When working memory is too small, the agent loses track of the current task mid-execution. This is the most common failure I see in agent demos. The fix is usually not a better model. It is a session summary that gets prepended to the context every turn.

When episodic memory retrieval is wrong, the agent contradicts itself across sessions. It says it completed a task it never finished, or claims a previous approach failed when it actually succeeded. This is a retrieval ranking problem, not a storage problem.

When semantic memory is wrong, the agent generates plausible-sounding incorrect information with high confidence. The user catches this before the agent does. The fix requires updating the knowledge base, not the retrieval system.

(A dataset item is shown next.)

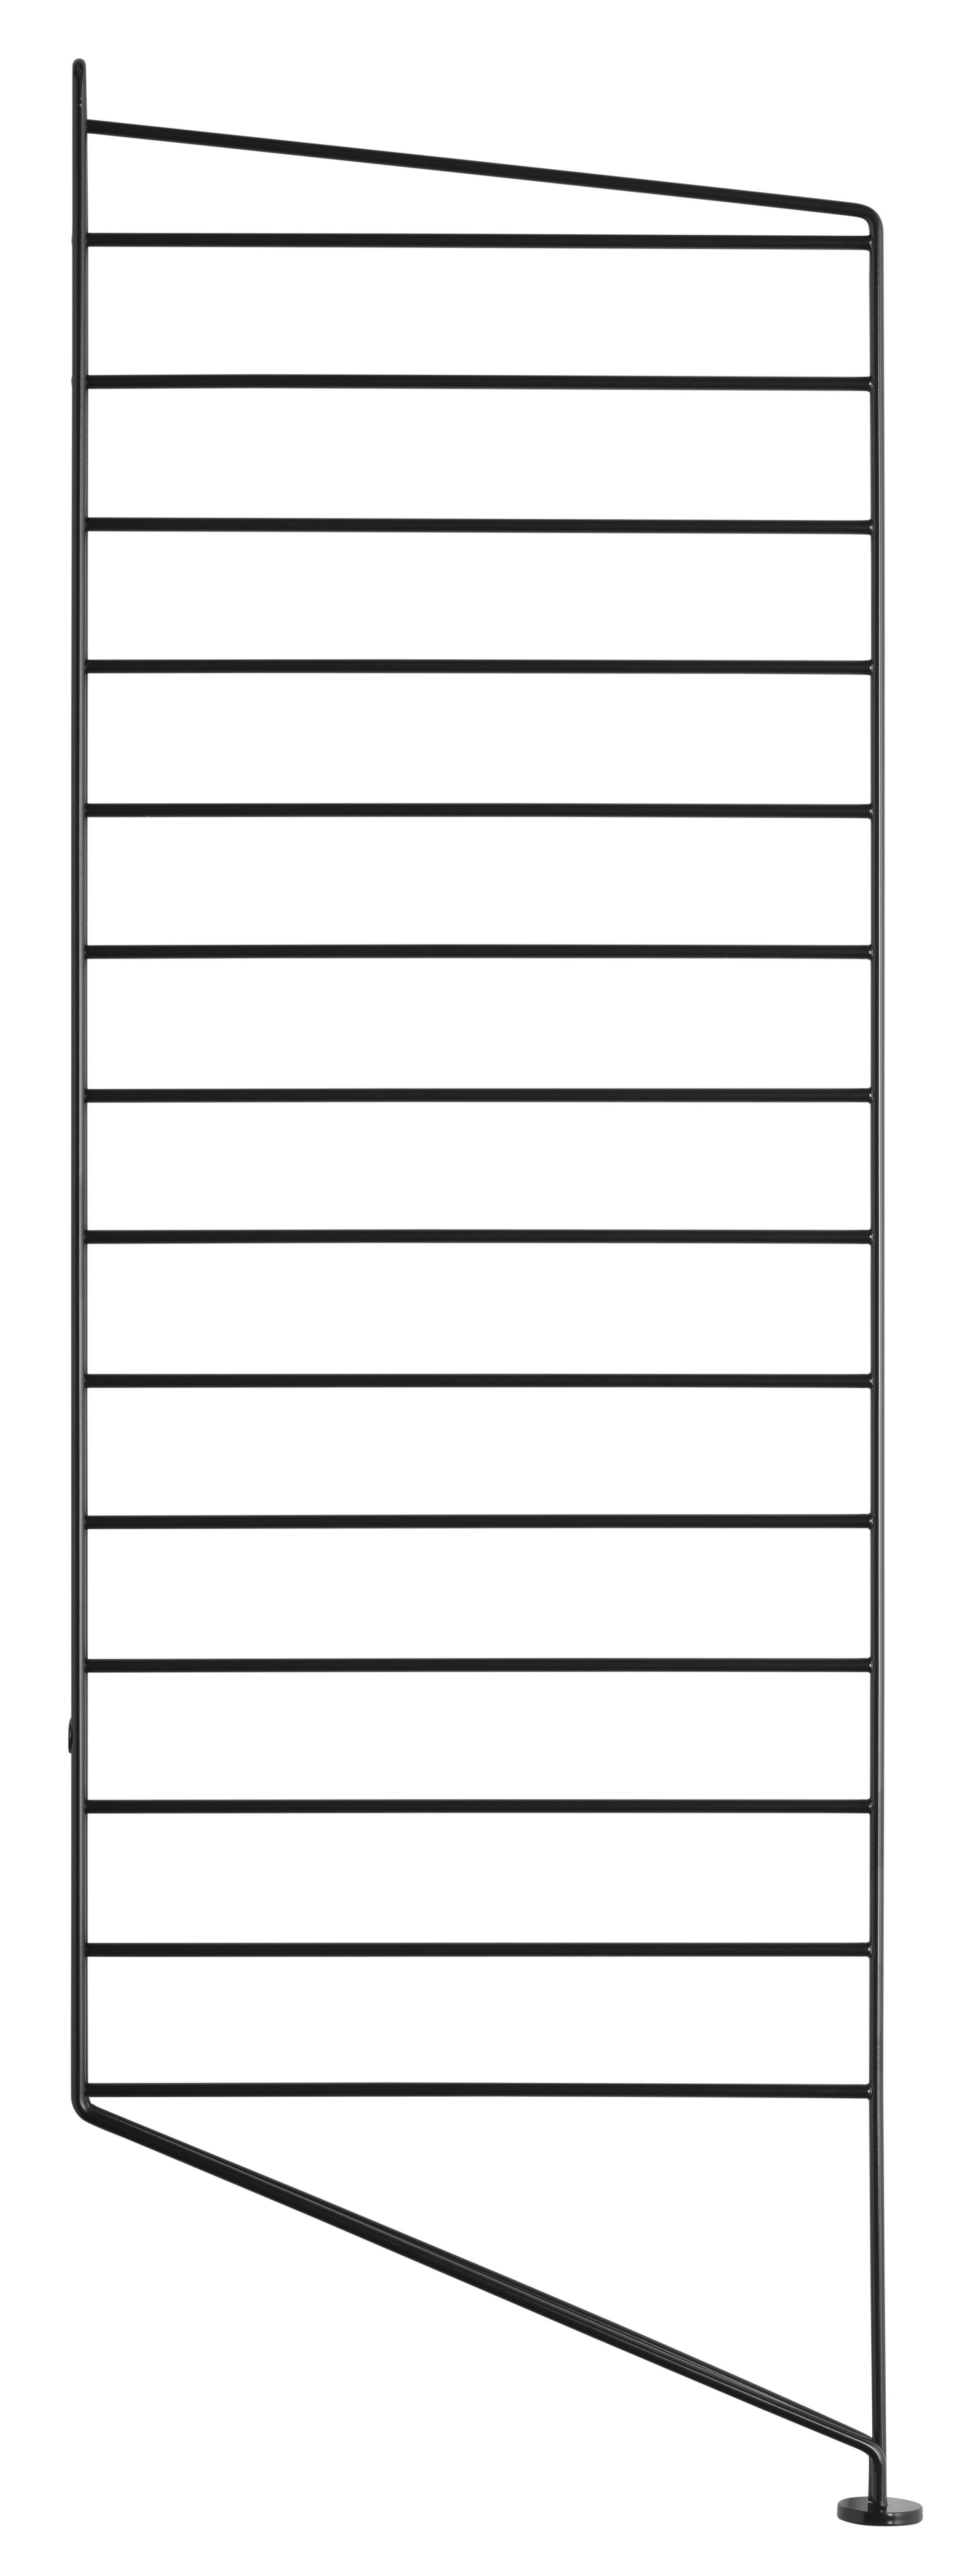 Möbel - Regale und Bücherregale - String system Seitenelement / zum Hinstellen - String Furniture - Schwarz - lackierter Stahl
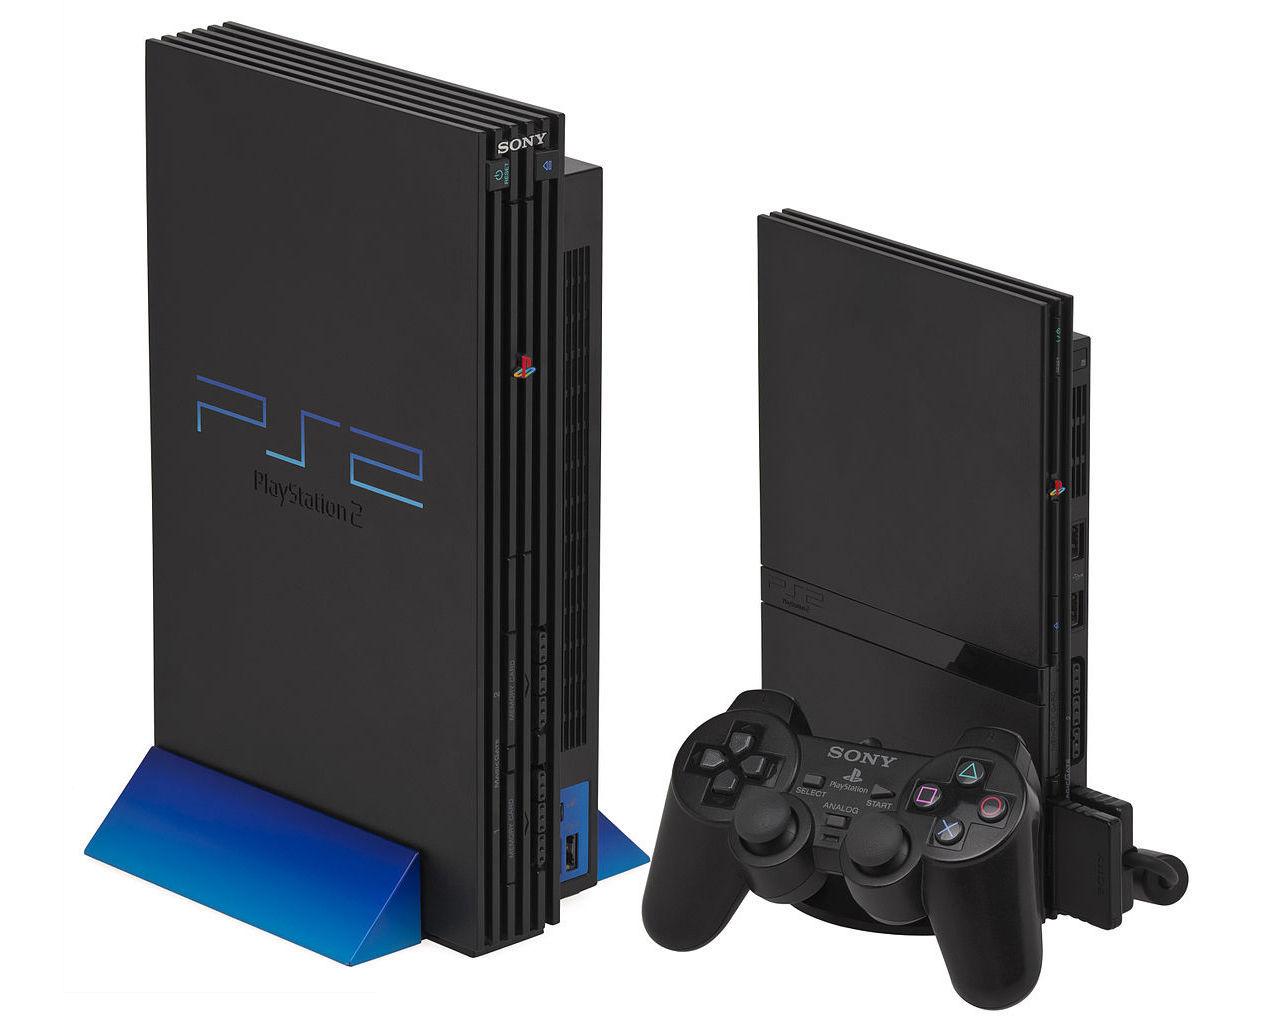 Playstation 2 fyllde 20 år igår

These three failure modes look completely different. If you are debugging with a single memory system, you cannot tell them apart. That is the real cost of the category error.

Conclusion

The three memory types are not academic distinctions. They correspond to different information, different retrieval mechanisms, and different failure modes. An agent that treats a learned fact the same as a past event will fail in predictable ways. An agent that routes information by type will be easier to debug and more reliable in production.

I wrote this because the memory hierarchy framing in my earlier post did not go far enough in separating these types. The state of AI agent memory in 2026 covers the landscape. This post is about the specific architectural decisions that determine whether your agent's memory actually works.